[Listed entries]
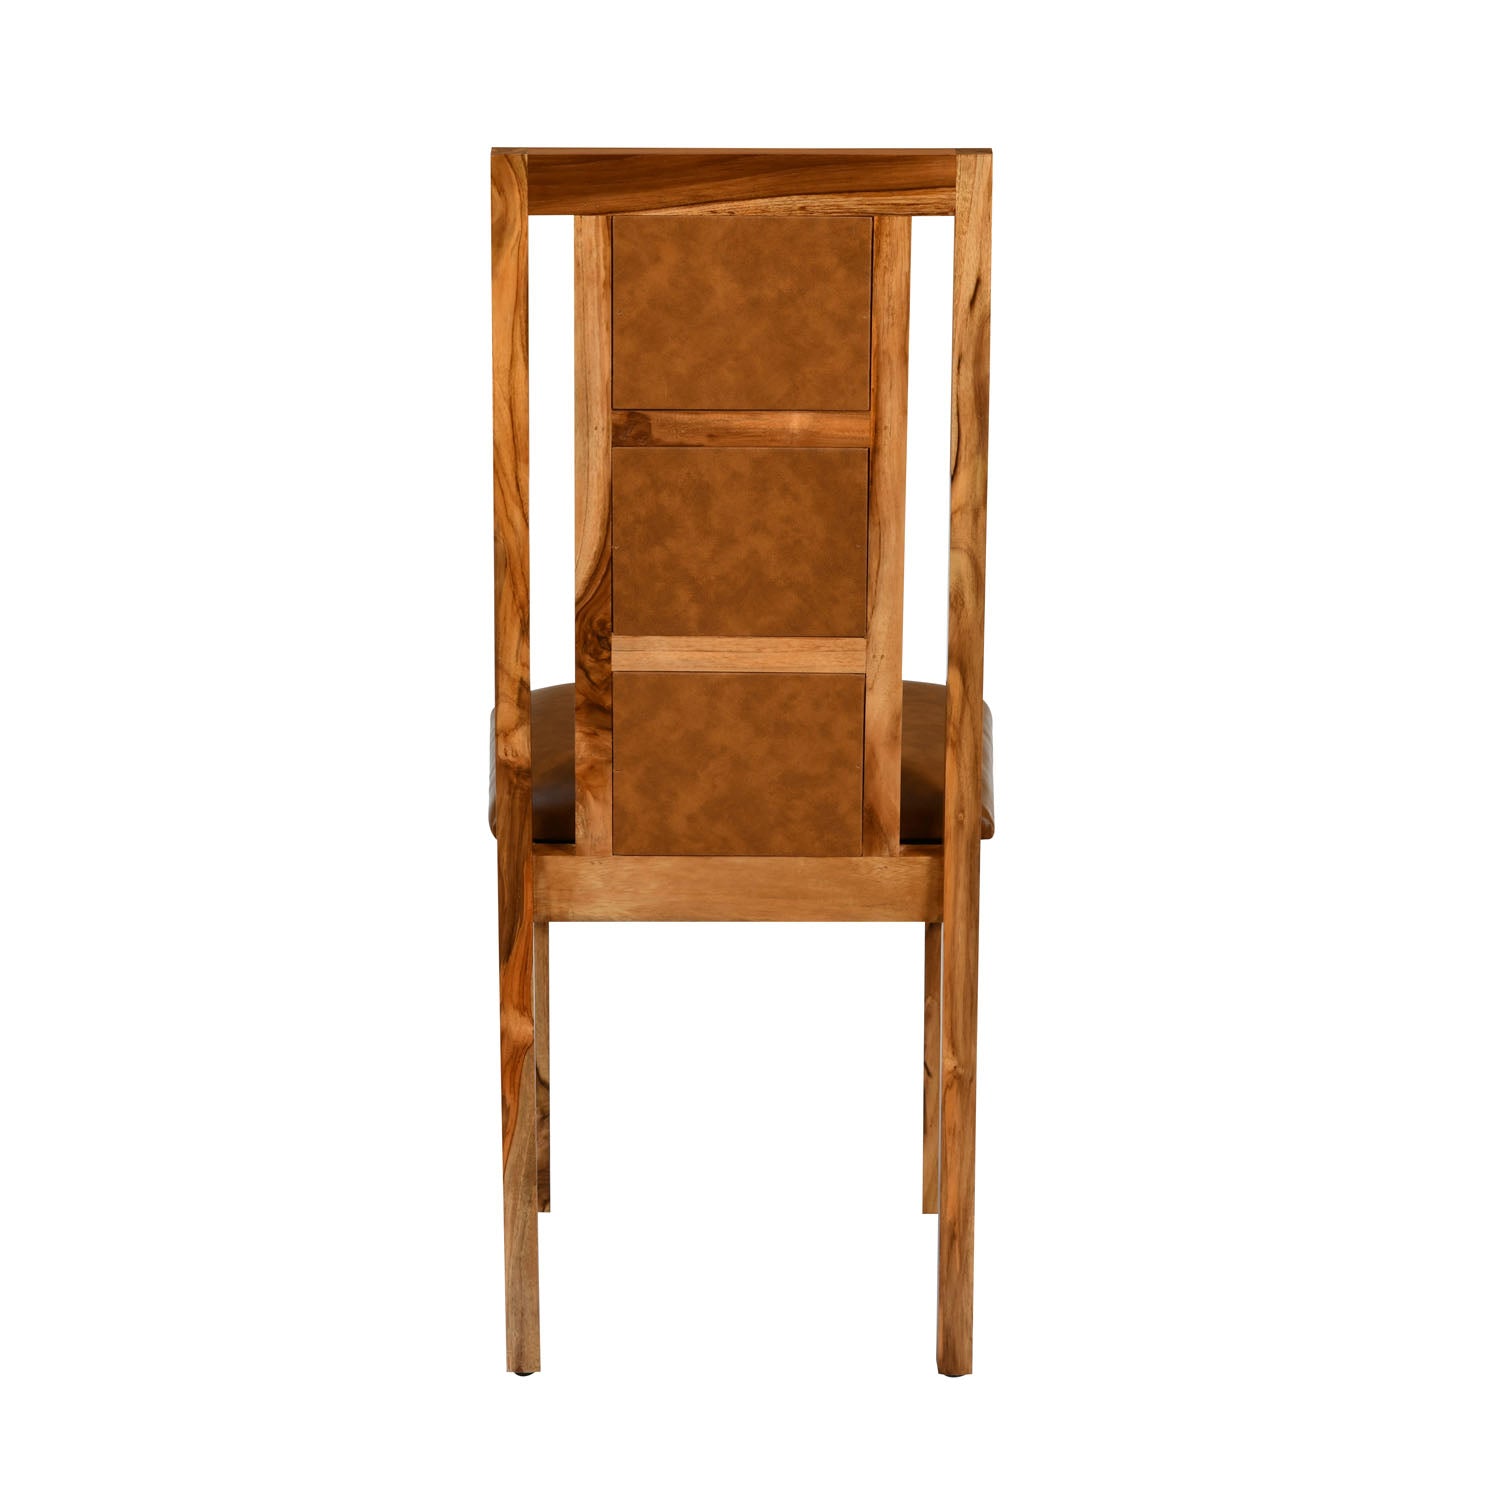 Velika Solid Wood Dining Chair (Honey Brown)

...

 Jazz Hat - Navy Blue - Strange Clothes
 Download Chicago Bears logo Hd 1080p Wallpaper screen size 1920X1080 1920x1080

[Work order] Using the entries above, give back exactly the line containing "Jazz Hat - Navy Blue - Strange Clothes", the line containing "Download Chicago Bears", and every line between them, and nothing else.

[Solution for this task]
 Jazz Hat - Navy Blue - Strange Clothes
 Download Chicago Bears logo Hd 1080p Wallpaper screen size 1920X1080 1920x1080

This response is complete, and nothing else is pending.